Many of these questions and answers could be dramatized effectively. There are passages in these books – and especially in Paris Meetings – that are bacciferous. I will save the reader a trip to the dictionary. The word bacciferous means “productive or conducive to producing in abundance; ‘be fruitful and multiply.’”

Gurdjieff’s Early Talks, at 443 pages, is the longest of these books. I imagine there are 200,000 words here, the texts of 123 major speeches. The total text is rich in insight, especially in the form of throw-away lines that ring with authenticity. For instance, in the speech on January 5, 1921, Gurdjieff said, “We are only sincere in our imagination.” That remark raises questions about how man can access his deepest thoughts, feelings, and sensations. Then there are remarkable insights: “Action in one center reacts on others, in all parts of the body, even to points outside the body. Man’s intelligence varies in proportion to his capacity to prevent those fluctuations passing from one center to another.” (Chicago, 1924)

The book is rounded out with exercises, fragments, and sayings collected in the last pages, followed only by the ample index. I will permit the reader to savour but one saying: “We are only influenced because we allow it.”

A.R. Orage was the subject of Mrs. Welch’s biography, the one mentioned earlier. Here he comes into his own with his Commentary on Beelzebub’s Tales to His Grandson. There are seventy-two commentaries, each an essay in length, followed by a twelve-age index (which takes the reader from Abraham to Carl Zigrosser).

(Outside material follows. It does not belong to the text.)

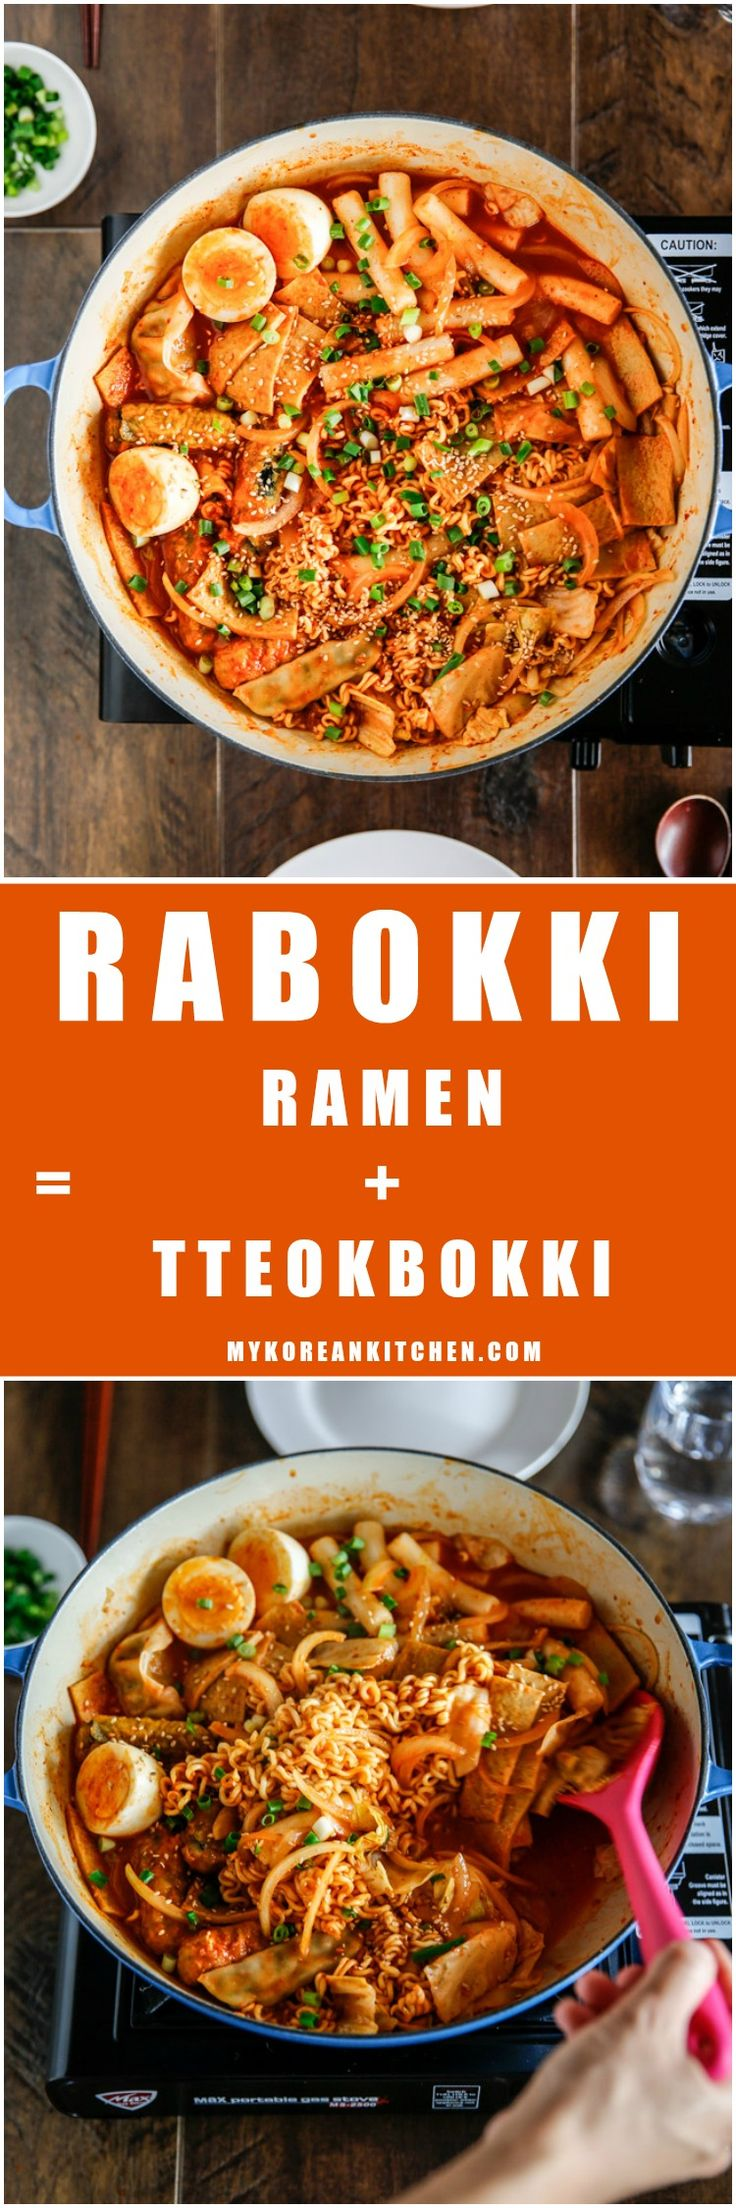 Rabokki - Instant Ramen Noodles + Tteokbokki (Korean spicy rice cakes)   MyKoreanKitchen.com

There are 378 pages in all between these thick covers.

There is no more diligent a commentator to be had than Orage, though there are numerous commentaries – Denis Saurat’s very literary appreciation of Gurdjieff’s masterwork comes readily to mind, as well it might, given that Saurat and Orage were colleagues – and Orage laboured mightly on draft after draft alongside Gurdjieff over the passage of decades to ensure clear expression of “work ideas” in an immensely sprawling work. Indeed, Orage alludes to a frequently overlooked notion which courses through the work, originally raised by the French metaphysical scholar: “In Saurat’s point of view, our immortality depends on our having desires which outlast the body. This might be a passion for understanding which outlives the planetary body.”

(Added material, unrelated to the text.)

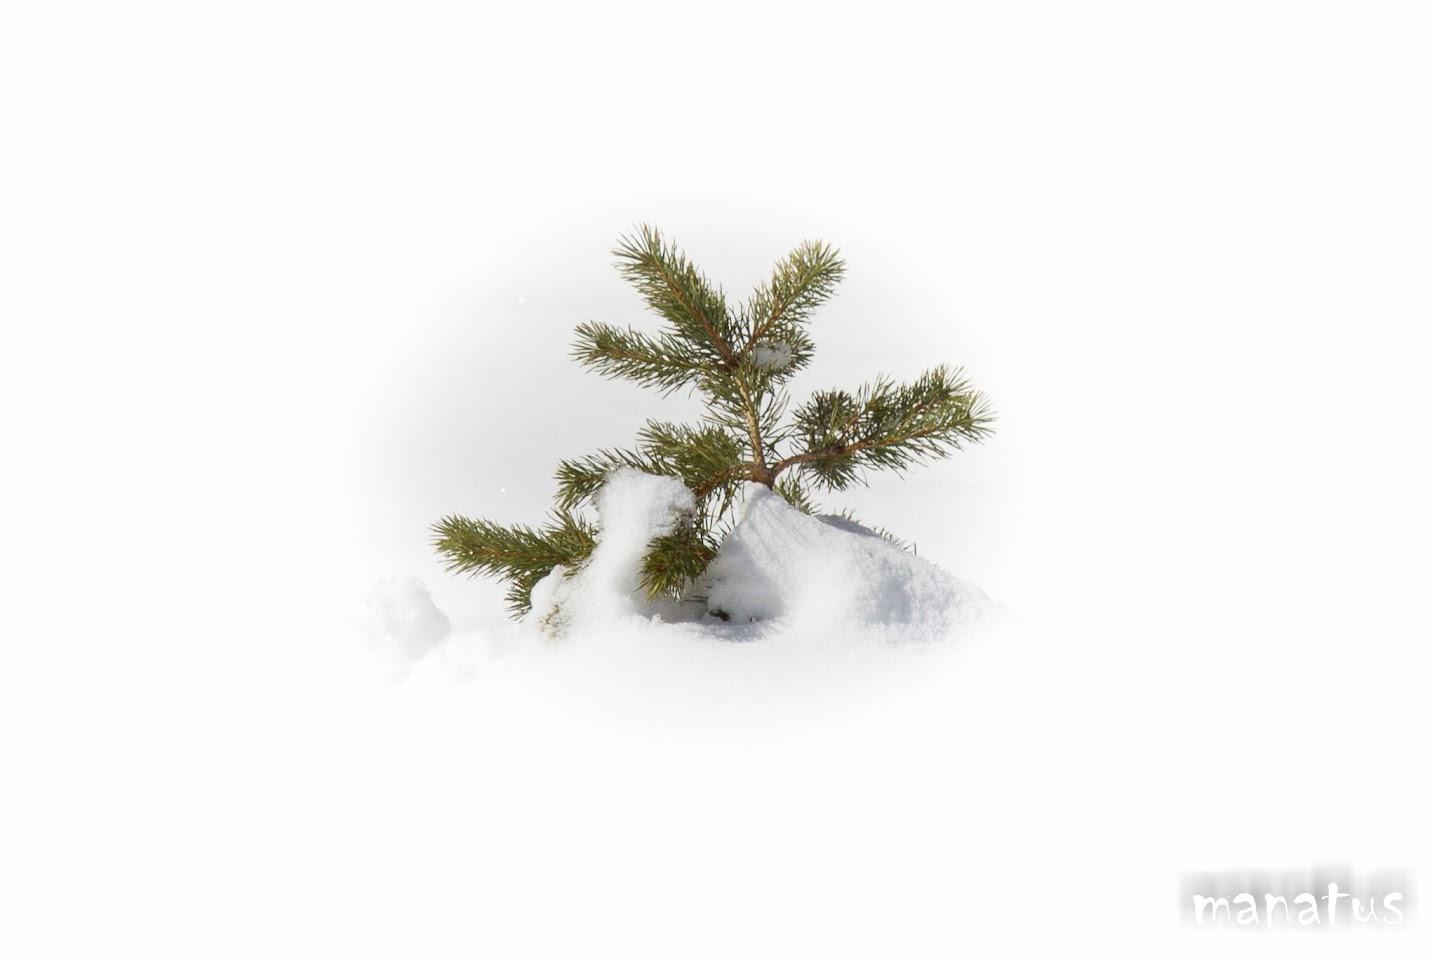 punta de pino manatus

Orage himself had no doubts about the system. “The method cannot be proven theoretically. The psyche is always active and demonstratively never passive and logical. Potentials are only experienceable but never logically demonstrable. Stretch your mind with exercises, efforts of real imagining in reality. Such as the exercise of imagining the total population on the planet, etc., or in place of the planet on the solar system in relation to Hercules in the milky way, to other milky ways.” (5 December 1927)

There is a special place in my psyche and perhaps my reader’s psyche for works that gather together miscellaneous thoughts and truths, and the five books noted above meet my needs and perhaps yours too. There is something close to the revelations of the poets in these texts. There are a number of other such collections in print, and perhaps at a later date I will have the opportunity to write about them too.